No es que haya escuchado de una mujer esa excusa vuelta paisaje en los chistes. No. Esta hembra tiene razones para decirle a su macho: hoy no.

Una hembra de caracol Littorina saxatilis prefiere no copular en ocasiones, para evitarse problemas mayores que pondrían en riesgo su supervivencia.

En promedio, un caracol adulto se aparea al menos una vez al día, todo el año. La cópula dura unos 30 minutos, tiempo precioso.

Eso se desprende de lo que Kerstin Johannesson, profesor de Ecología Marina, dijo a EL COLOMBIANO.

Para las hembras, es costosa tanta reproducción, porque durante el apareamiento pueden ser presa fácil de un depredador o ser arrojada, con su macho, por las olas al mar y servir de comida a otros.

Lógico, para los machos también tiene sus costos, pero a ellos no les queda otra opción que tratar de perpetuar la especie.

Las hembras sí tienen una táctica: los machos siguen, para hallarlas, el rastro de un mucus que dejan las hembras al arrastrarse. Entonces ellas han dejado de producir esa señal.

Para ellos es más duro, porque se equivocan en esa búsqueda y pierden tiempo al toparse con machos.

Ahora, dijo el científico de la Universidad de Gottenburg, cuando un macho halla una hembra, ella no se niega a copular, quizás porque le resulta menos costoso aceptarlo en ese momento. Es lo que se llama un apareamiento por conveniencia.

Estos caracoles tienen fertilización interna, o sea por apareamiento. Los huevos fertilizados son transportados por la hembra en un saco hasta que eclosionan como caracoles pequeñísimos, de 0,5 milímetros. Dejan entonces la madre y se agarran de las rocas.

Estos animales viven en las costas rocosas de aguas bajas o en el fondo suave, nunca en aguas profundas.

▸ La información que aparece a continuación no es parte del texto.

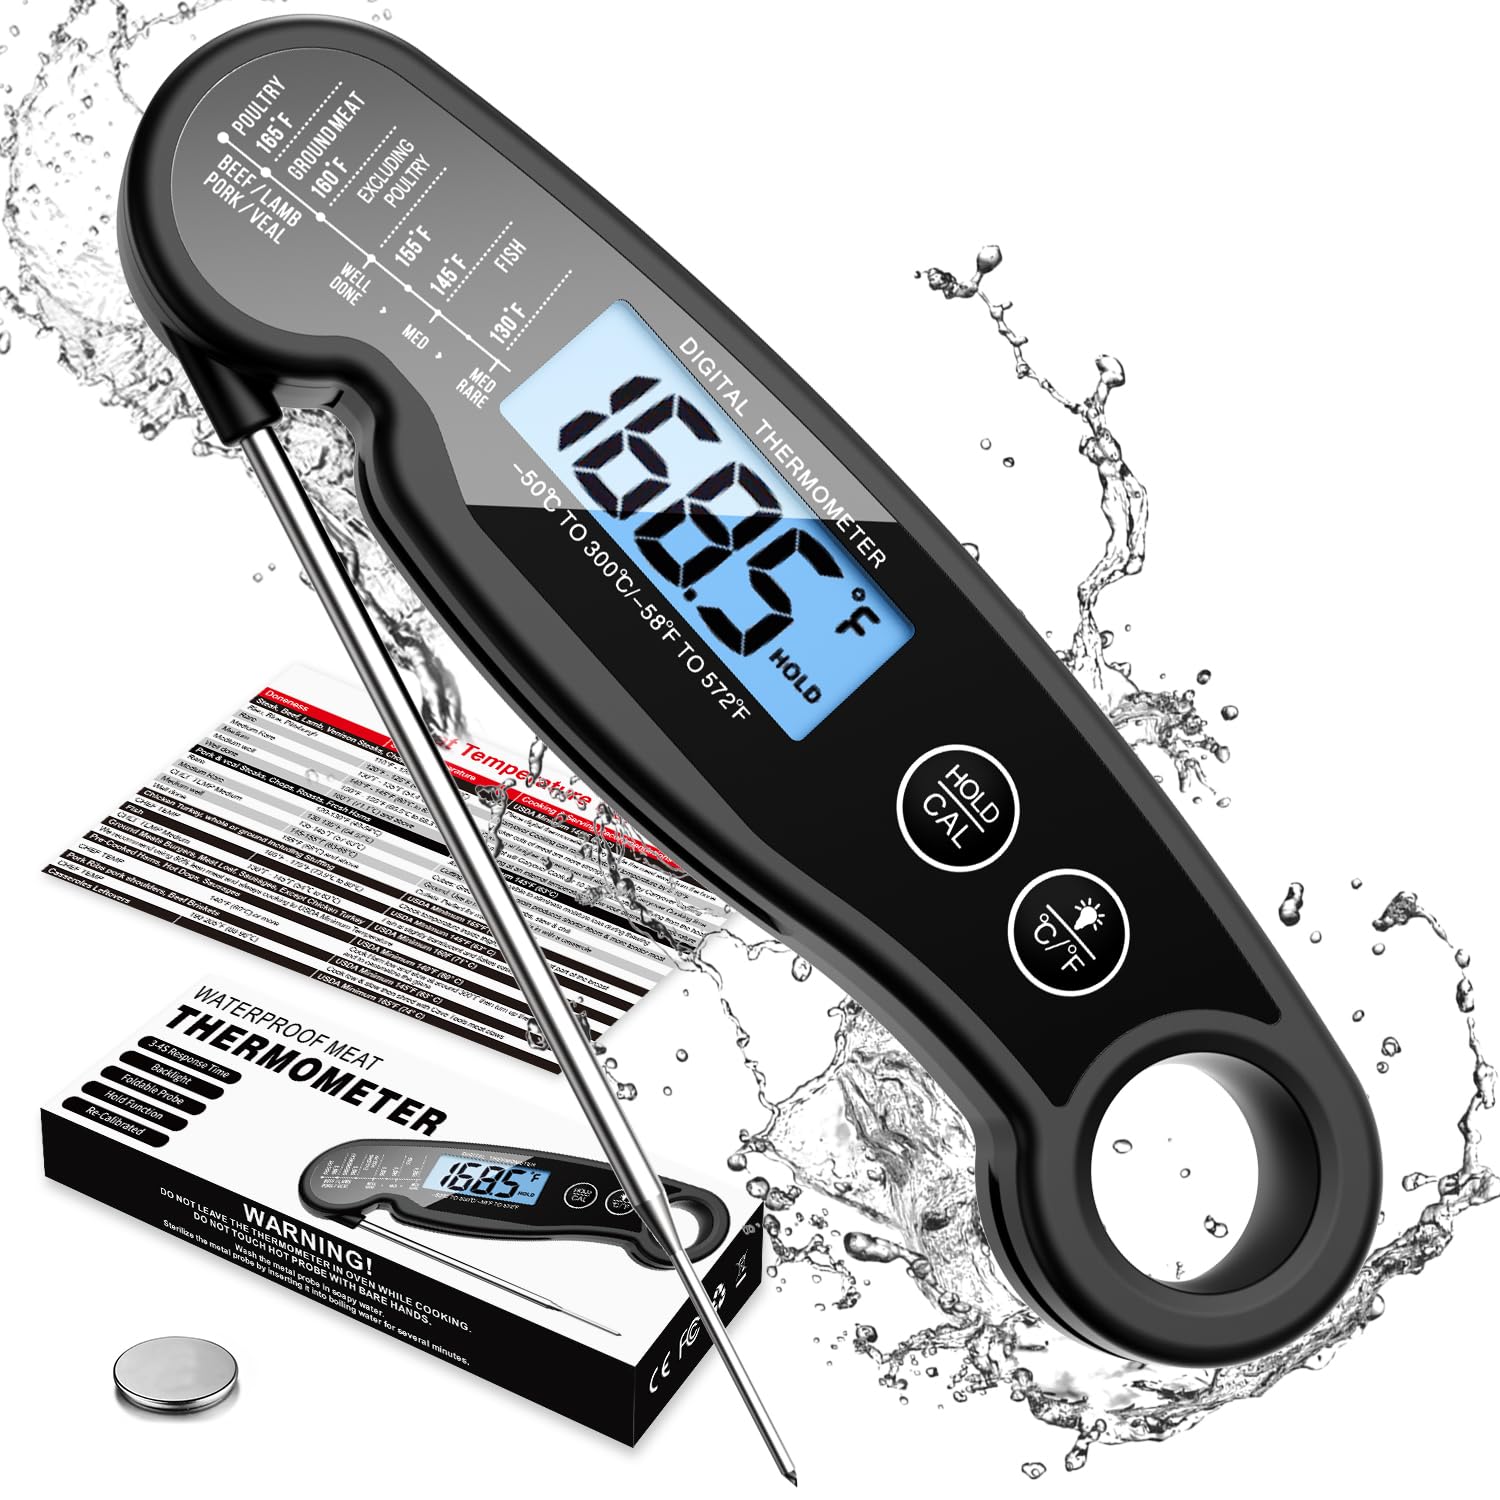 Dropship Digital Meat Thermometer With Probe - Waterproof; Kitchen Instant  Read Food Thermometer For Cooking; Baking; Liquids; Candy; Grilling BBQ &  Air Fryer to Sell Online at a Lower Price
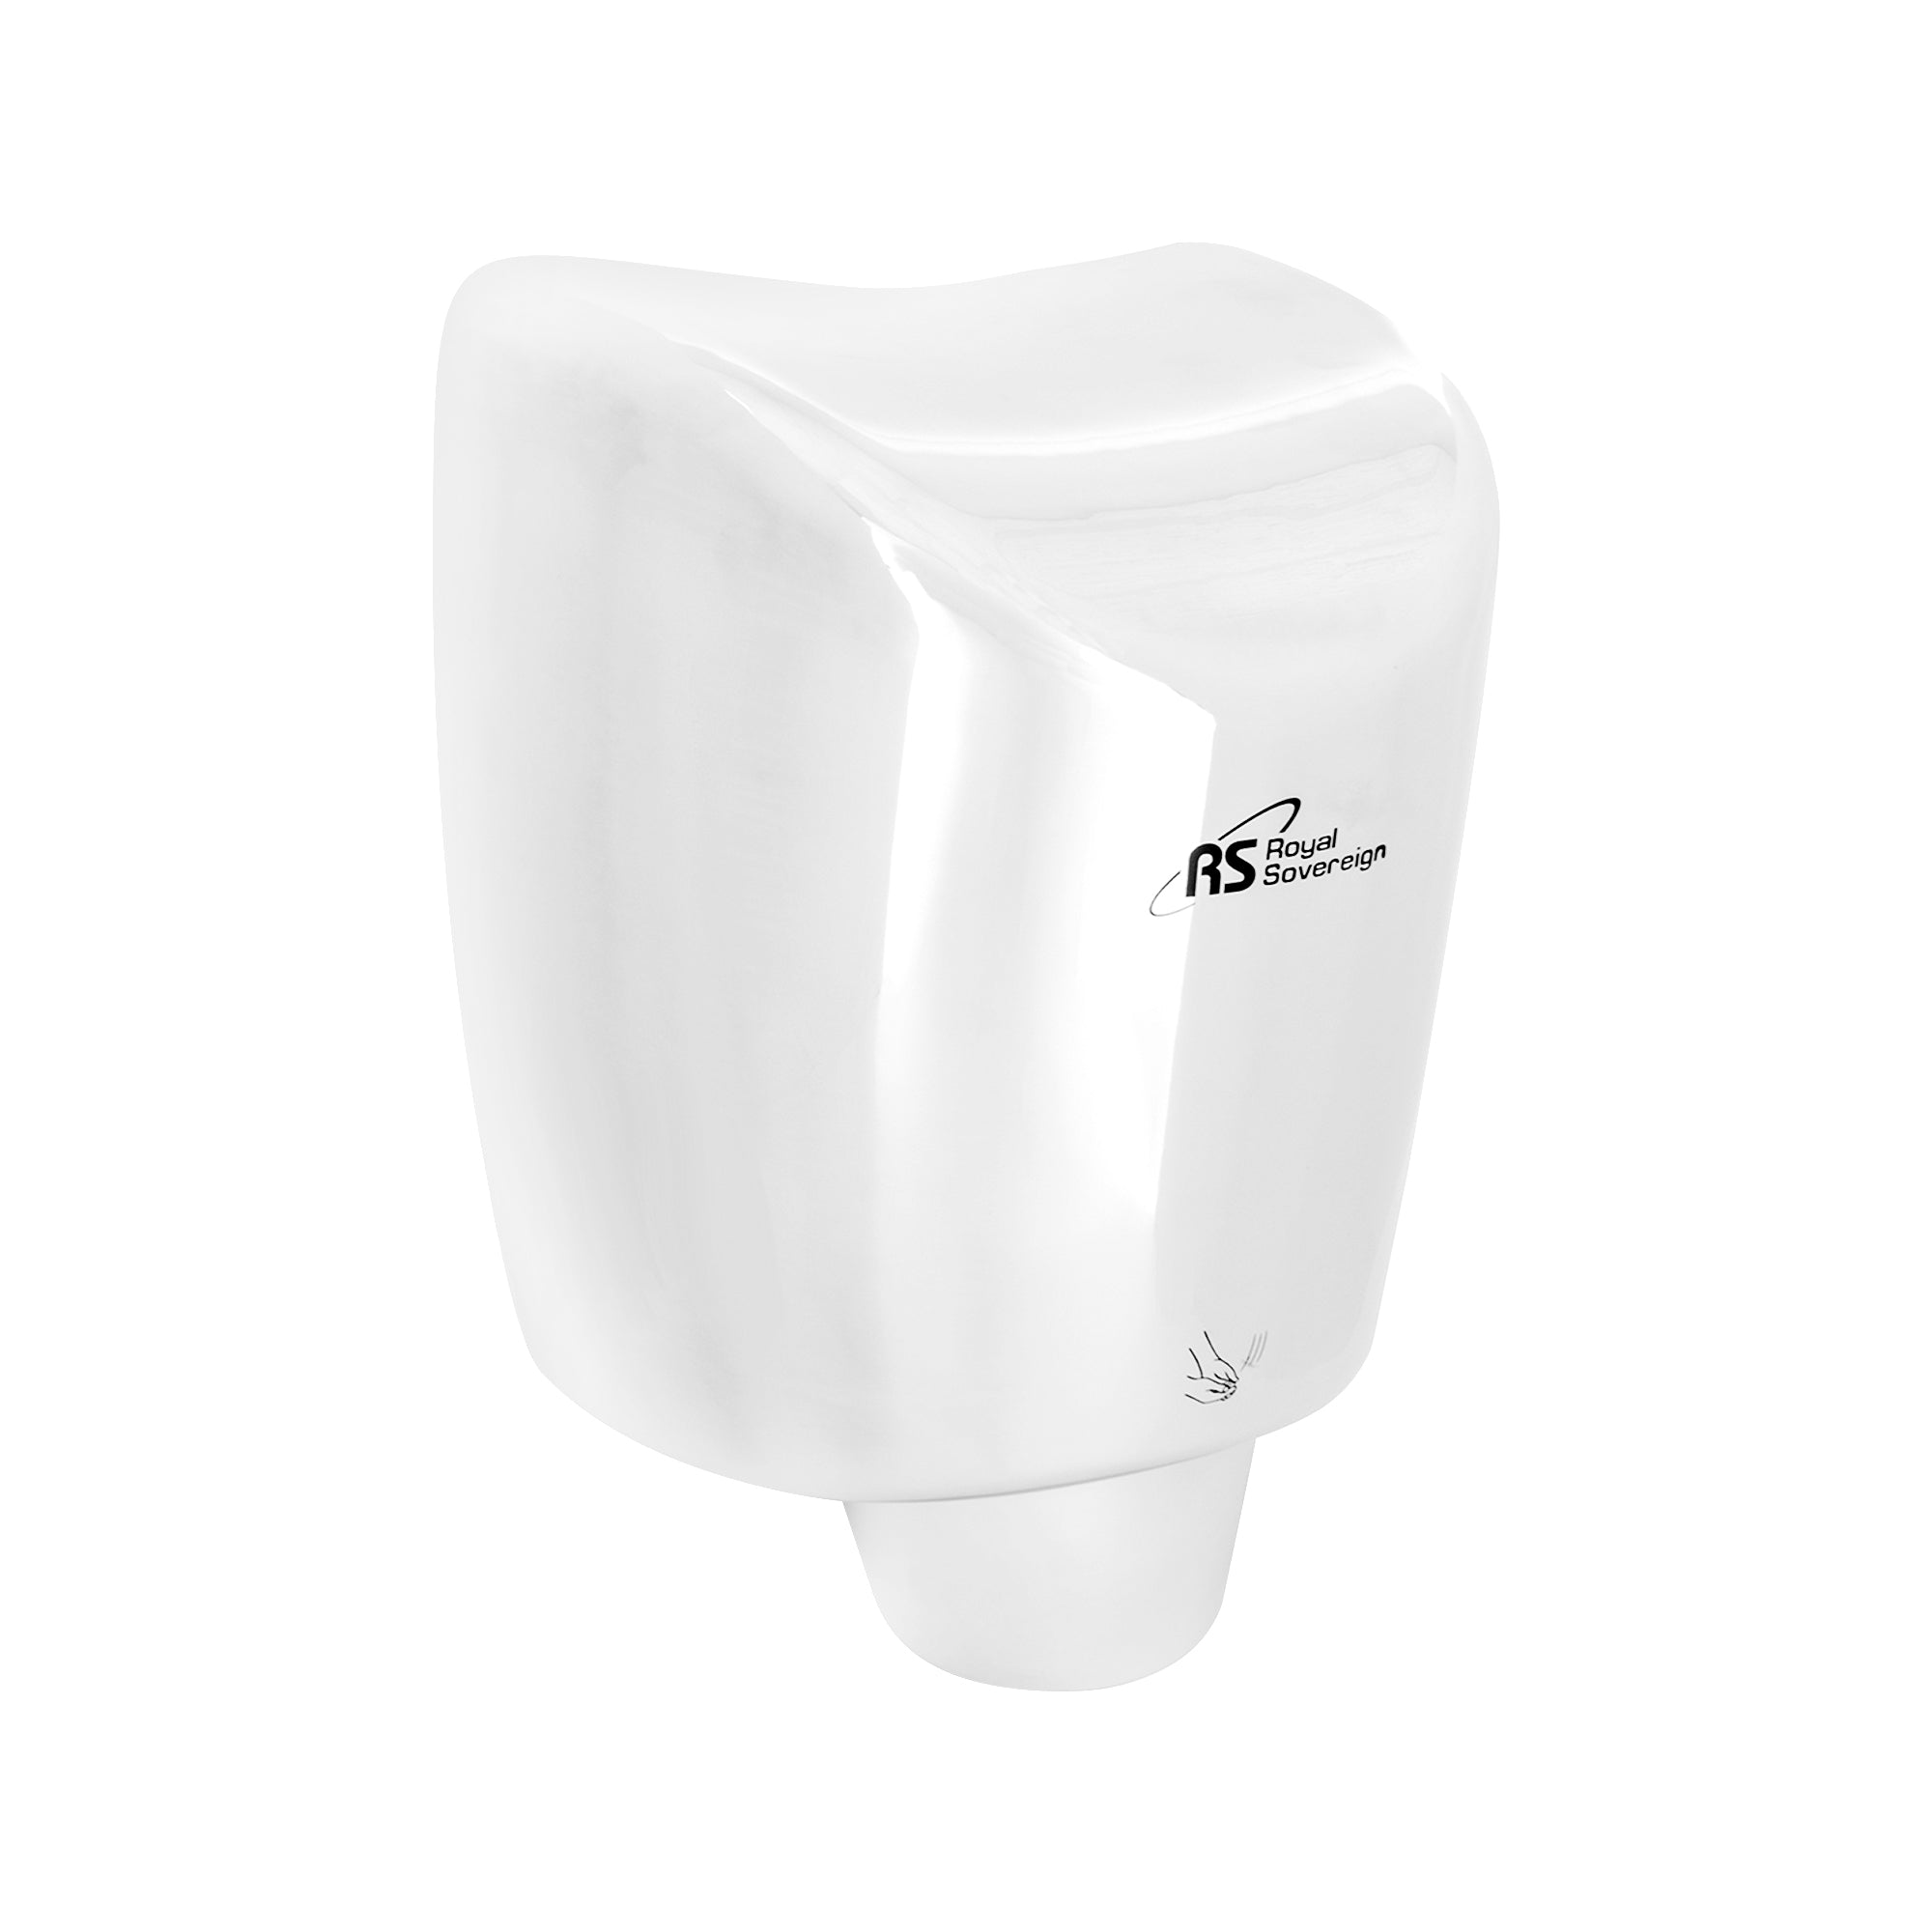 RTHD-431SS, High Efficiency Touchless Automatic Hand Dryer

Son a menudo muy especializados en su forma, tamaño y comportamiento hacia un tipo determinado de hábitat

Littorina saxatilis, indicó Johannesson, es estudiada con frecuencia como un modelo de especiación.

Fue por ello que su grupo los estudia y se interesó en su comportamiento al aparearse.

¿Qué implica todo esto? La creencia ha sido que hembras como machos son moldeados por selección para, juntos, promover las soluciones óptimas para reproducirse.

El estudio, del cual son coautores Sara Saltin, iris Duranovic, Jon Havenhand y Per Johnson, junto a otras investigaciones que muestran conflicto sexual, indica que puede haber una especie de batalla entre los sexos, en la que lo que es bueno para uno es un problema para el otro y viceversa.

"En este caso específico demostramos que un tema grande para un conflicto puede darse sobre una pregunta tan simple como ¿con cuánta frecuencia debería darse un apareamiento?"

Cuando para machos y hembras es diferente, se traduce en una tensión. Así que, mi querido caracol, hoy no.